- **What is required**
Among the entries below, find the line with "hpv vaccines market", then quote it and each following line up to and including the line with "Corsica 2 Handle", and nothing else.

- **Source material**
#####
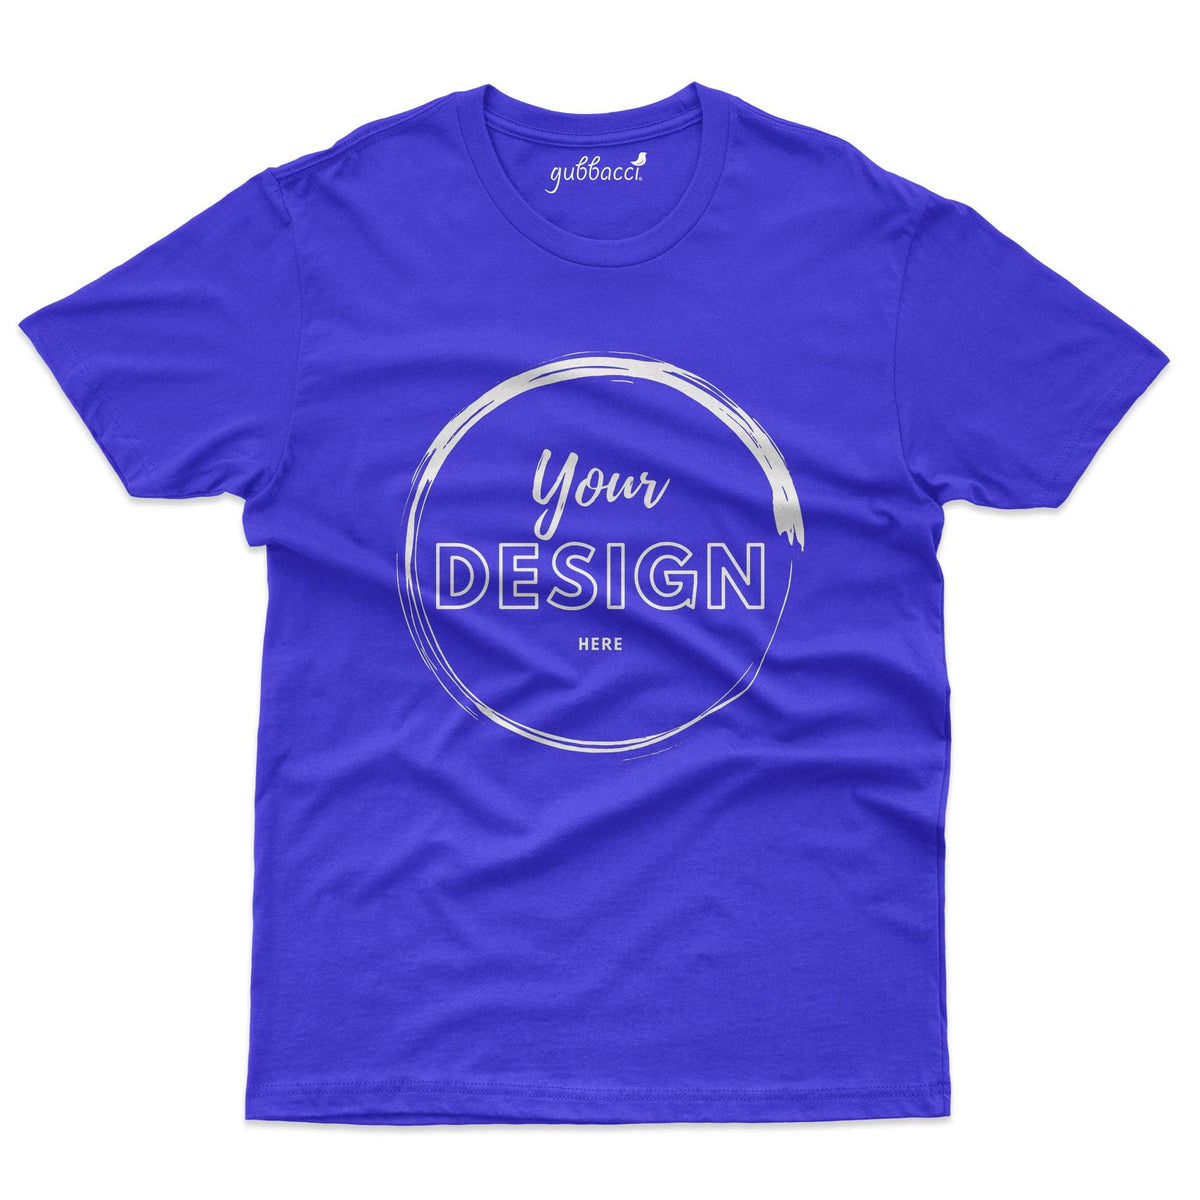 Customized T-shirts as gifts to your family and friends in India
#####
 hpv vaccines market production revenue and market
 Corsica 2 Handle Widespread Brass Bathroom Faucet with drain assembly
#####
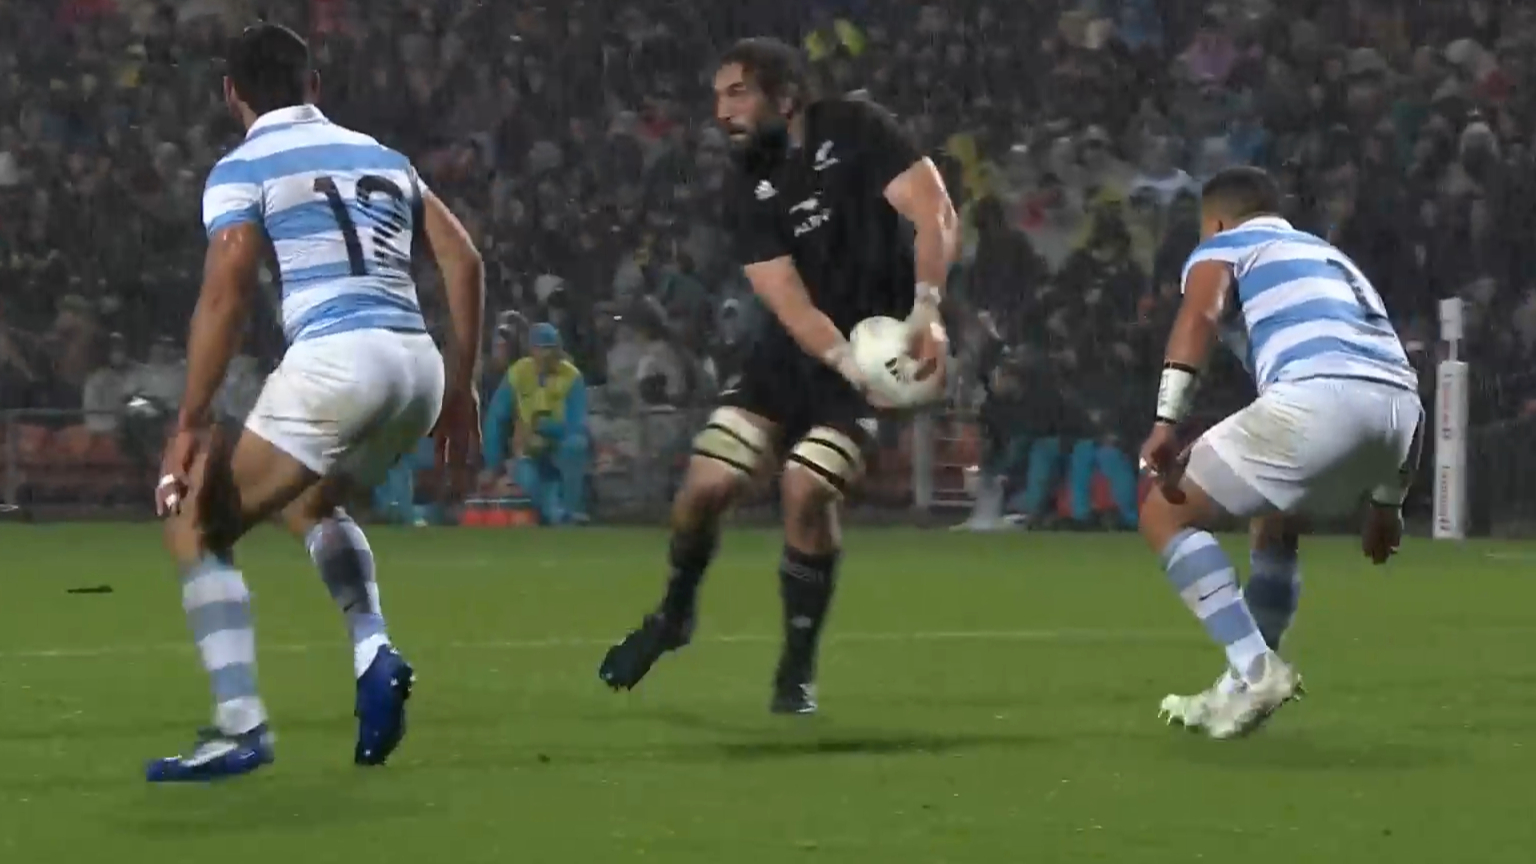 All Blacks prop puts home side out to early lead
#####
- **Problem solution**
 hpv vaccines market production revenue and market
 Corsica 2 Handle Widespread Brass Bathroom Faucet with drain assembly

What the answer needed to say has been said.